Lars Winstand

Posted on May 14 • Originally published at standardcompute.com

I thought Claude Code vs Codex was about model IQ until I watched one prompt eat 53% of a session

#ai #agents #llm #devtools

I went into the Claude Code vs Codex debate expecting the usual answer: compare model quality, pick the smartest one, move on.

That is not what I found.

The most useful Reddit threads were not really about intelligence. They were about what happens when you let an agent run for hours inside a real coding workflow: reading half a repo, retrying patches, dragging memory files forward, and quietly burning through context or quota before the actual task even starts.

One r/openclaw thread made the whole thing click for me. A user said their first Claude request consumed 53% of a Pro session. Two more requests pushed usage to 76%. Finishing the task took another 23%.

That is not a benchmark problem.

That is an operations problem.

The moment “cheap” stops being cheap

Here’s the thread that changed how I think about this:

r/openclaw: https://reddit.com/r/openclaw/comments/1tce1xn/agents_and_models_and_and_and/

The user was not asking whether Claude was smart.

They were basically asking: how are people running autonomous coding loops like this without constantly watching the meter?

That is a much better question.

If you are using OpenClaw, Claude Code, Codex, or any custom agent harness, your costs are not driven by a neat prompt/response model anymore. They are driven by:

how much context gets loaded before the first tool call
how often the agent retries
how much state gets resent between steps
how aggressively the orchestrator summarizes and rehydrates memory
whether your pricing model punishes long-running loops

That is why “best coding model” discourse gets weird fast. People think they are comparing brains. They are actually comparing entire operating environments.

The real failure mode: context bloat before work starts

The best advice in that thread was six words:

Context context context! Use /new /compact often

That sounds obvious. It is also the whole game.
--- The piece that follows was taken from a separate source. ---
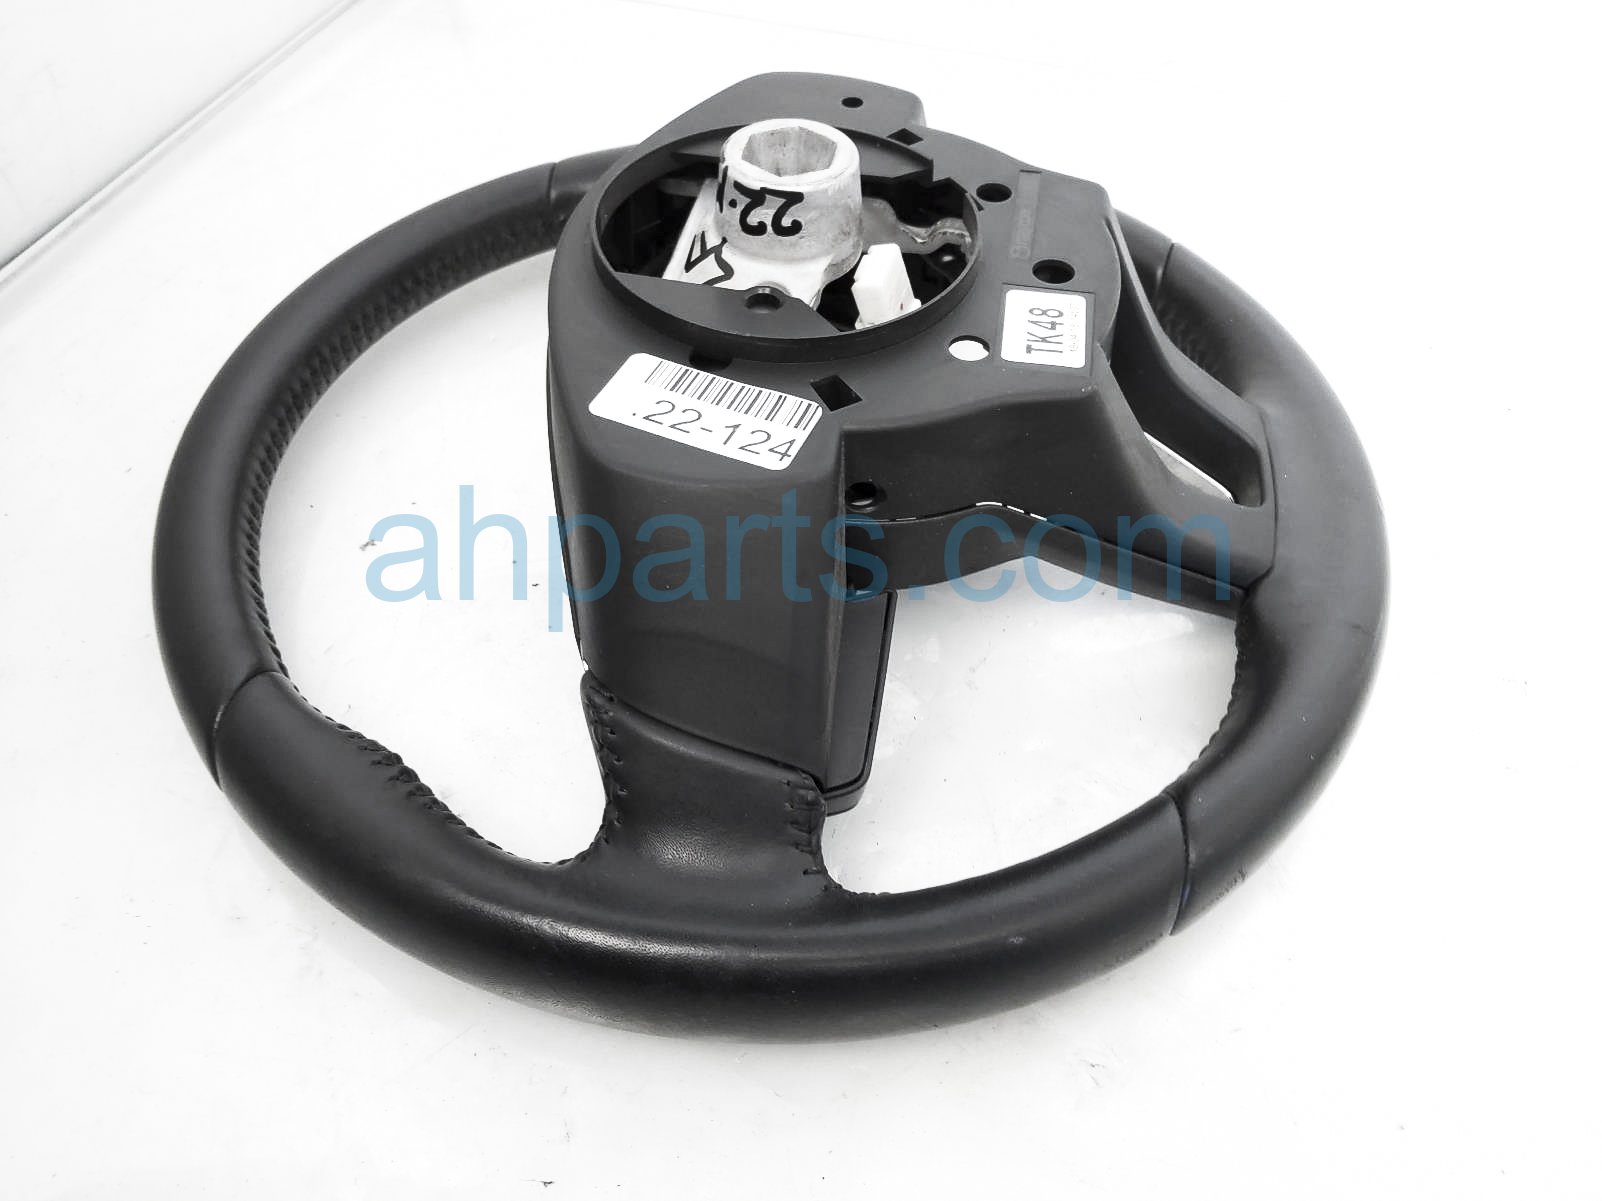 Sold 2019 Mazda CX-9 Steering Wheel - Black - Touring TK48-32-982-02

Across multiple OpenClaw discussions, the complaints are very consistent:

workspace files loaded too early
memory files and notes bloating the first turn
AGENTS.md getting shoved into context by default
orchestration layers resending too much state
broad file inclusion causing the agent to inspect everything
session caps turning normal agent behavior into a budgeting exercise

One commenter said OpenClaw can spend “a lot of context before you even type the first message.”

That line should make every agent engineer stop and check their setup.

Claude, Codex, and OpenClaw are not competing on one axis

Here is the practical version.

Option	What actually matters in practice
Claude Code via Claude subscription or API	Strong coding quality on hard engineering work, but long loops can become session-sensitive fast when context is unmanaged
OpenAI Codex / GPT-5.4 Codex setups	Often feel more tolerant for iterative coding loops, but ceilings still exist and behavior depends heavily on the surrounding harness
OpenClaw-style orchestration	Great for autonomous workflows, but can amplify token burn through memory, workspace loading, retries, and tool chatter if you do not constrain it

That last row is the important one.

OpenClaw is not expensive by itself. It is an amplifier.

If your stack is disciplined, it amplifies good routing and clean context boundaries.

If your stack is sloppy, it amplifies waste.

The most honest Reddit take was basically a postmortem

Another thread put it better than any product page could:

r/openclaw: https://reddit.com/r/openclaw/comments/1tcyqda/how_good_is_openclaw_at_orchestrating_codex_and/

One user wrote:

It is good and bad at the same time. How i fixed the bad things i built a skills specifically for coding give the agent context about specific things i want.

That is not polished. It is useful.

Their fix was not “switch models.”

Their fix was to narrow the context boundary.

That matches what I keep seeing in practice. The teams getting the best results are not just choosing Claude or Codex. They are shaping what each model sees and when it sees it.

The expensive mistake: asking one model to do everything

A lot of teams still want one model for the entire workflow.

Repo scanning. Planning. Refactors. Patch generation. Retry loops. Documentation. Triage. Tool use. Cleanup.

That sounds elegant. It is usually lazy architecture.

The stronger pattern is task-based routing.

For example:

Qwen or GLM locally for cheap utility work
Gemini Flash for fast lightweight passes
GPT-5.4 Codex for coding loops that need speed and tolerance
Claude Opus or Claude Sonnet for harder engineering judgment

That is not indecision. That is treating your agent stack like infrastructure instead of fandom.

Why pricing gets ugly once agents are autonomous

This part is where the model debate stops being theoretical.

One Reddit user said they gave up on OpenClaw after about 3.5 months, 1,300 hours, nearly 5 billion tokens, and around $700 in spend.

Another post referenced $2,500 of Opus token spend for software-shop workflows involving vision, server management, and form filling.

Those are not “I asked too many questions” numbers.

Those are “my workflow became a utility bill” numbers.

And yes, there are contradictory reports too:

some users say they rarely hit Codex limits
some say they hit them in a few days
some say premium plans feel effectively unlimited
others say the ceilings show up exactly when the agent gets useful

That is not actually contradictory.

It just means agent economics are highly sensitive to runtime behavior.

What developers should measure instead of arguing about IQ

If you are evaluating Claude Code vs Codex for real engineering work, I would measure these five things before I cared about leaderboard screenshots:

First-turn context size
Average retry count per task
Tool call volume per successful patch
State carried between turns
Cost or quota burn per hour of autonomous runtime

That gives you a real picture of whether a setup survives long loops.

Benchmarks do not tell you that.

A two-hour unattended refactor does.

What I would actually do on Monday

Start with context hygiene, not model shopping.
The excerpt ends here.